• _Task requirements_:
Reproduce the listing that follows character for character, excluding its pictures.

• _The data_:
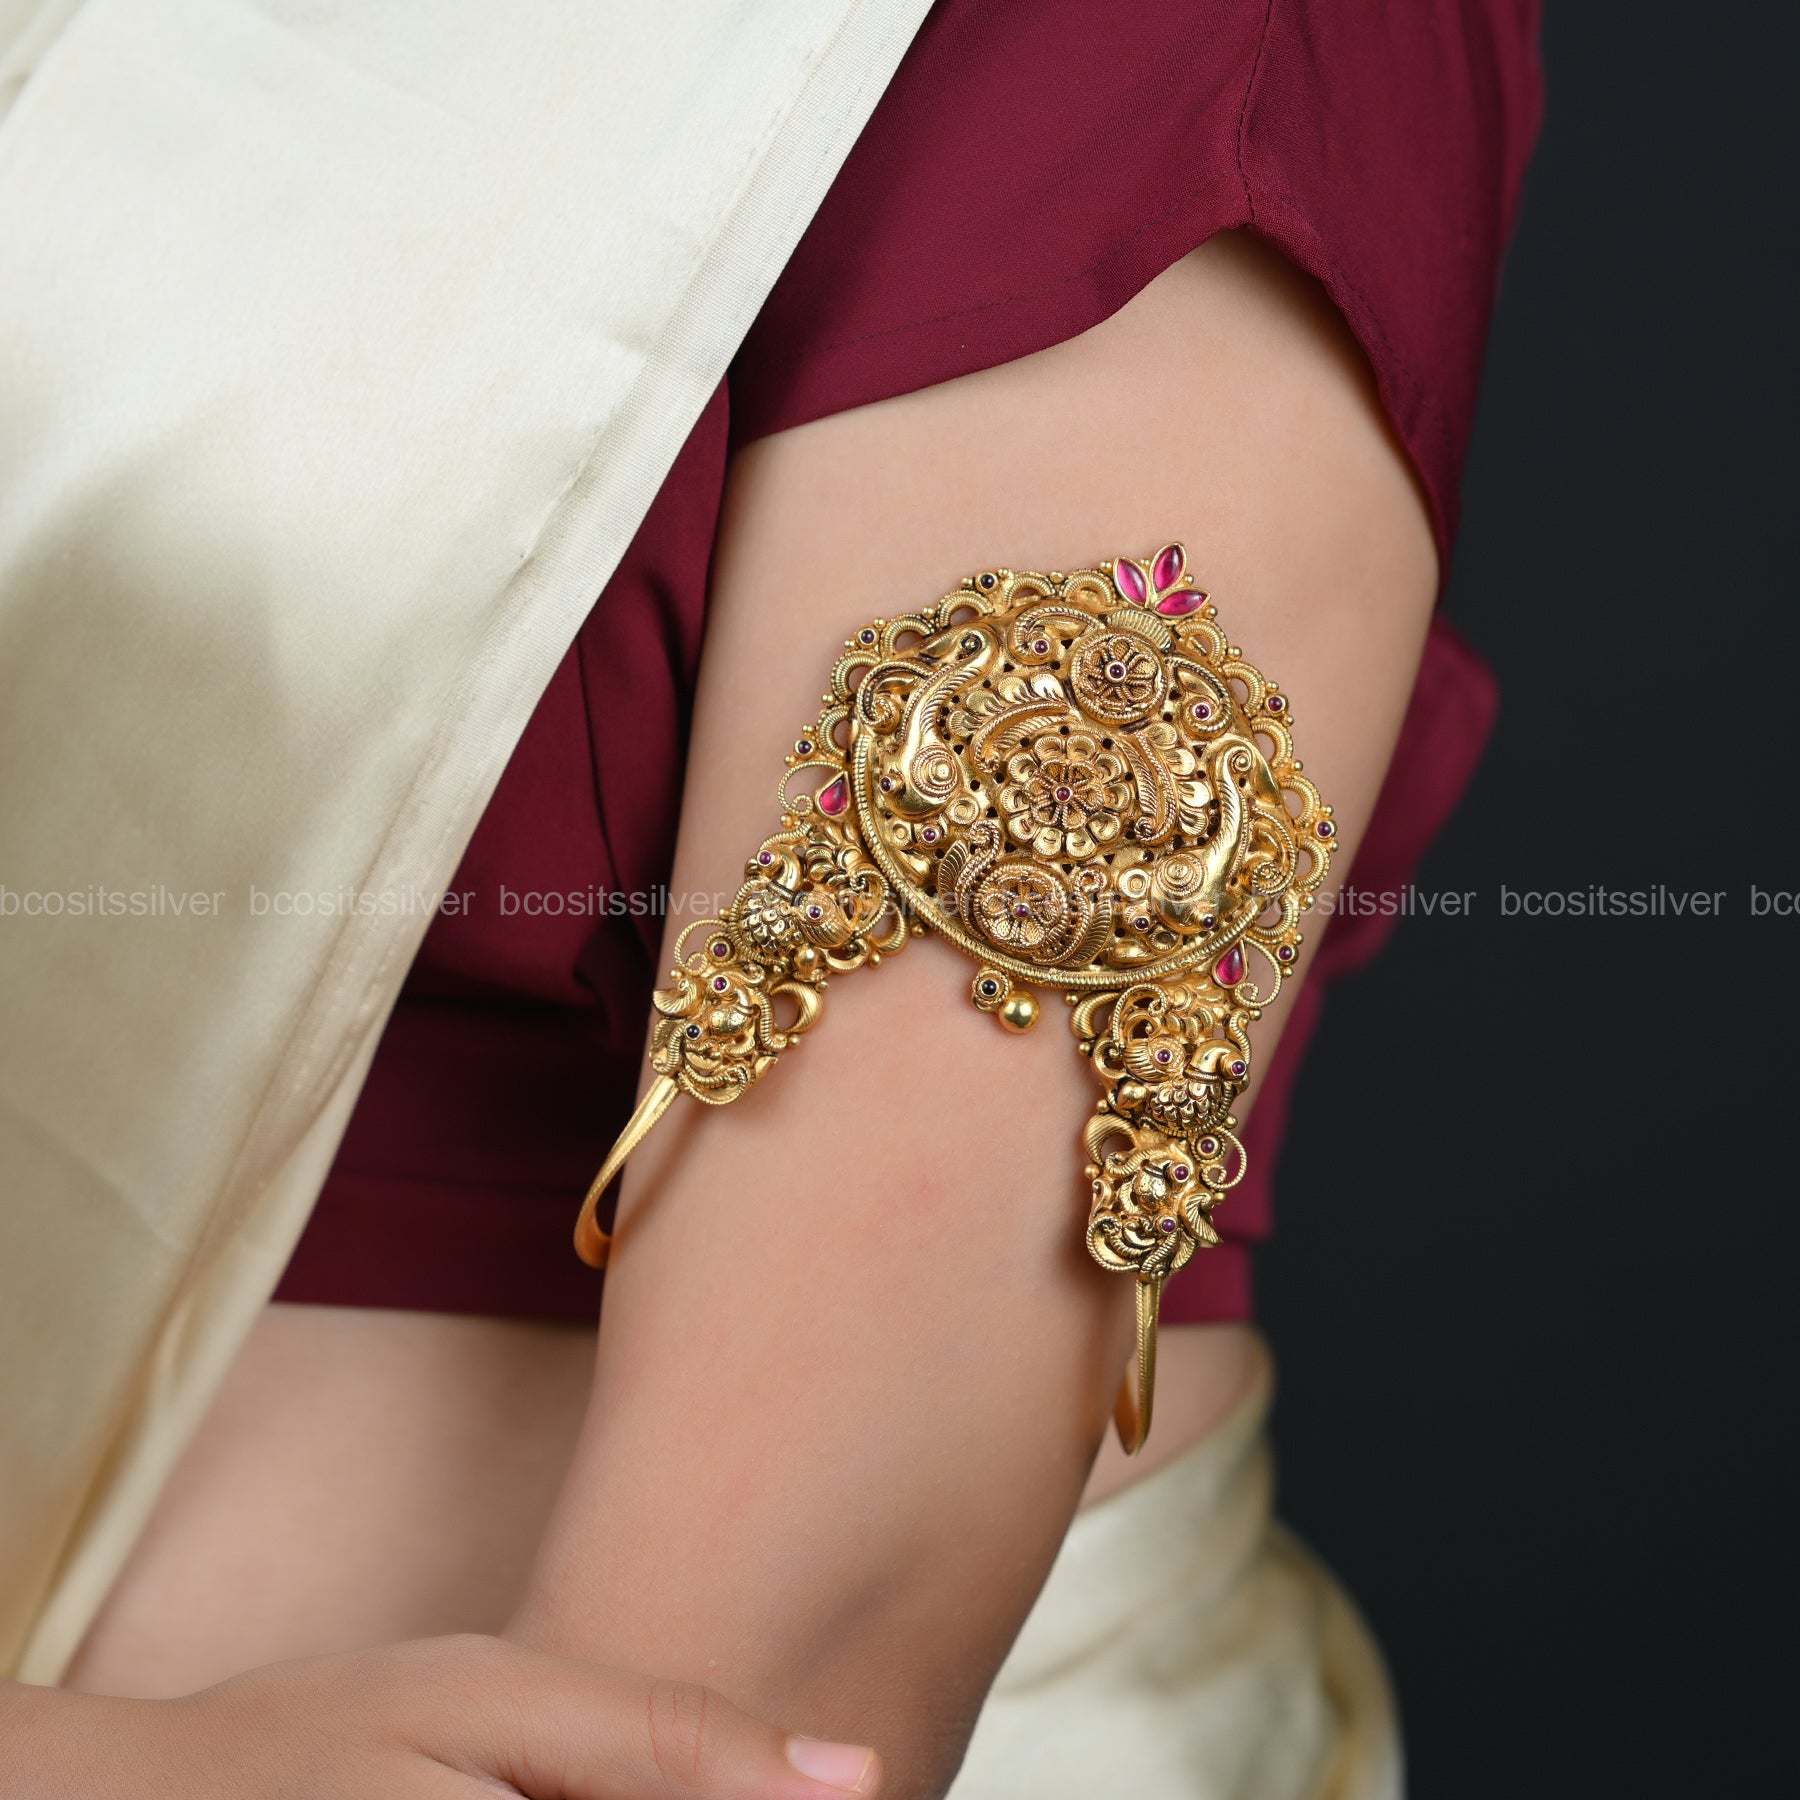 Gold Plated Arm Band - 6549
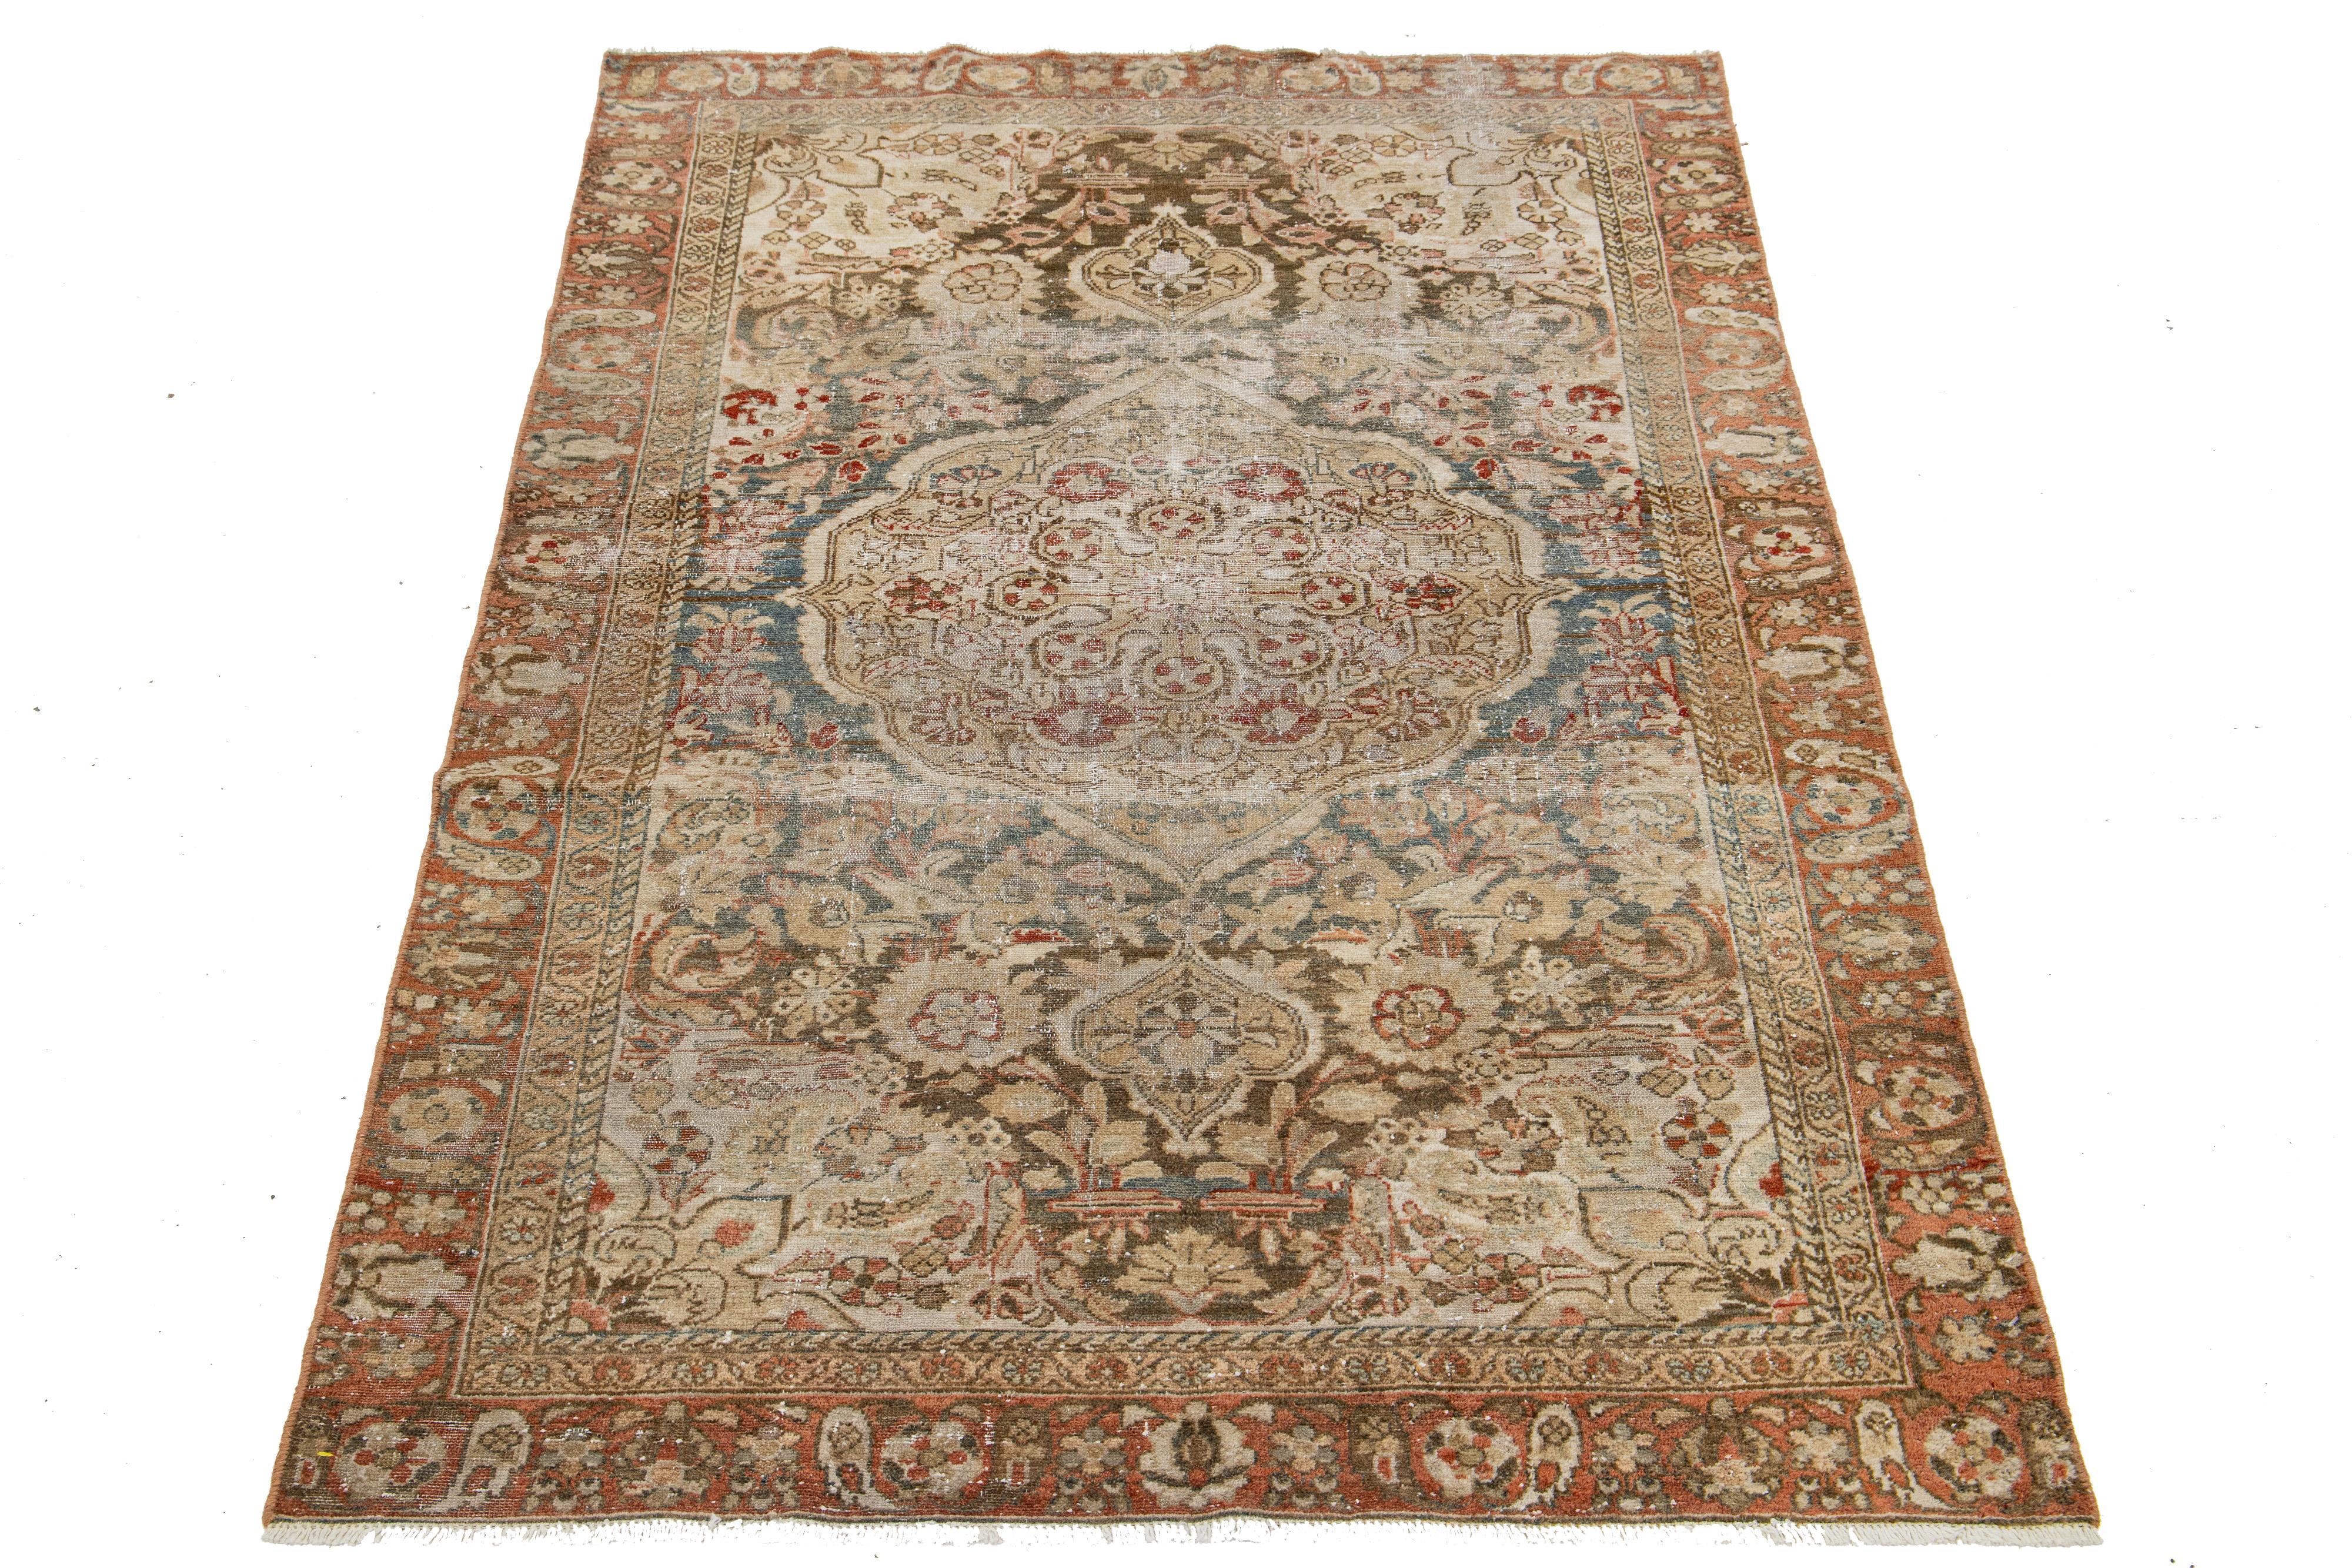 Beautiful Antique Tabriz hand-knotted wool rug with a brown color field. This Persian rug has blue, rust, and brown accents in a gorgeous medallion floral design. 

This rug measures 4'2

• _Response for this exercise_:
 Gold Plated Arm Band - 6549
 Beautiful Antique Tabriz hand-knotted wool rug with a brown color field. This Persian rug has blue, rust, and brown accents in a gorgeous medallion floral design. 

This rug measures 4'2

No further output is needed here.